Chez Ferrari, Lewis Hamilton n’a fait que confirmer les difficultés de l’écurie en se classant septième, à près de 0,700 seconde de Norris. Trois dixièmes le séparent de son coéquipier Leclerc, une marge qui ne fait qu’aggraver le tableau collectif de Maranello.
Au classement des constructeurs, Mercedes compte désormais 135 points, contre 90 pour Ferrari. Dans ce contexte, chaque point perdu représente une occasion manquée de réduire l’écart au championnat.
Les espoirs reposent sur la course sprint et le Grand Prix
Malgré ce revers sur la grille, Ferrari conserve des atouts pour la suite du week-end. Vasseur a insisté sur la force de son équipe en gestion de course : « Nous l’avons constaté sur les relais longs avec les pneus mediums : nous étions vraiment performants. Je pense que nous pouvons remonter pendant la course, à condition de réussir un bon départ. »
Leclerc partage cet optimisme : « En rythme de course, nous avons les moyens de revenir aux avant-postes. Nous possédons le rythme nécessaire. Reste à voir si nous parviendrons à effectuer les dépassements. » La grille de départ du sprint, avec Leclerc en deuxième ligne aux côtés de Max Verstappen, offre quelques opportunités d’attaque dès les premiers virages.

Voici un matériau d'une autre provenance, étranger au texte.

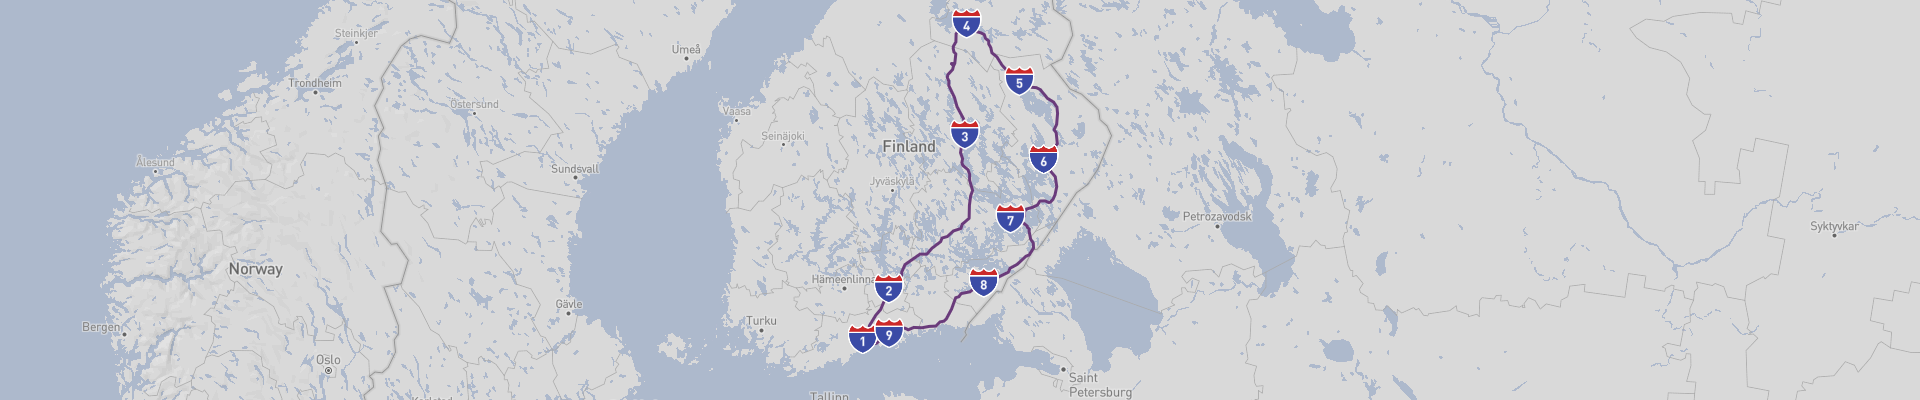 East Finland Road Trip

Pour les qualifications du Grand Prix principal, prévues samedi, Ferrari dispose d’une précieuse préparation. « Nous aurons cinq trains de pneus tendres à disposition, ce qui constitue la meilleure préparation possible », a souligné Vasseur, déterminé à transformer l’essai.
Le « Macarena » tient ses promesses, mais ne suffit pas
L’aileron arrière réversible de Ferrari, surnommé « Macarena » par la presse en raison de son mécanisme de rotation, a quant à lui donné satisfaction lors des essais libres et sera conservé sur la monoplace. Une lueur d’espoir dans un tableau par ailleurs mitigé.
Cependant, ce détail technique ne doit pas occulter la réalité : comme le révèle notre article sur la décision de la FIA concernant la MGU-K au départ, Ferrari doit composer avec un cadre réglementaire particulièrement exigeant en 2026. La gestion de l’énergie électrique et le comportement des pneumatiques peuvent faire basculer une qualification en l’espace d’un seul tour raté.
L’erreur de Leclerc en SQ3 n’est pas anodine. Elle cristallise une problématique récurrente : Ferrari dispose de la vitesse, de la régularité sur les longs relais et d’une monoplace compétitive. Pourtant, convertir ce potentiel en résultats qualificatifs demeure le talon d’Achille de la Scuderia cette saison.
Un week-end encore à écrire
La course sprint de 19 tours, disputée sur le tracé du Miami International Autodrome, offrira encore huit places dans les points aux pilotes les plus rapides. Ferrari devra miser sur un départ agressif et une stratégie irréprochable pour remonter depuis la quatrième position.
Quant au Grand Prix principal de dimanche, il reste entièrement ouvert. Les qualifications de samedi représenteront une nouvelle chance pour Leclerc de prouver qu’il peut transformer la vitesse de la SF-26 en résultat concret. La pression est immense, la marge d’erreur inexistante. À Miami, comme souvent en Formule 1, les regrets sont un luxe que les champions ne peuvent se permettre.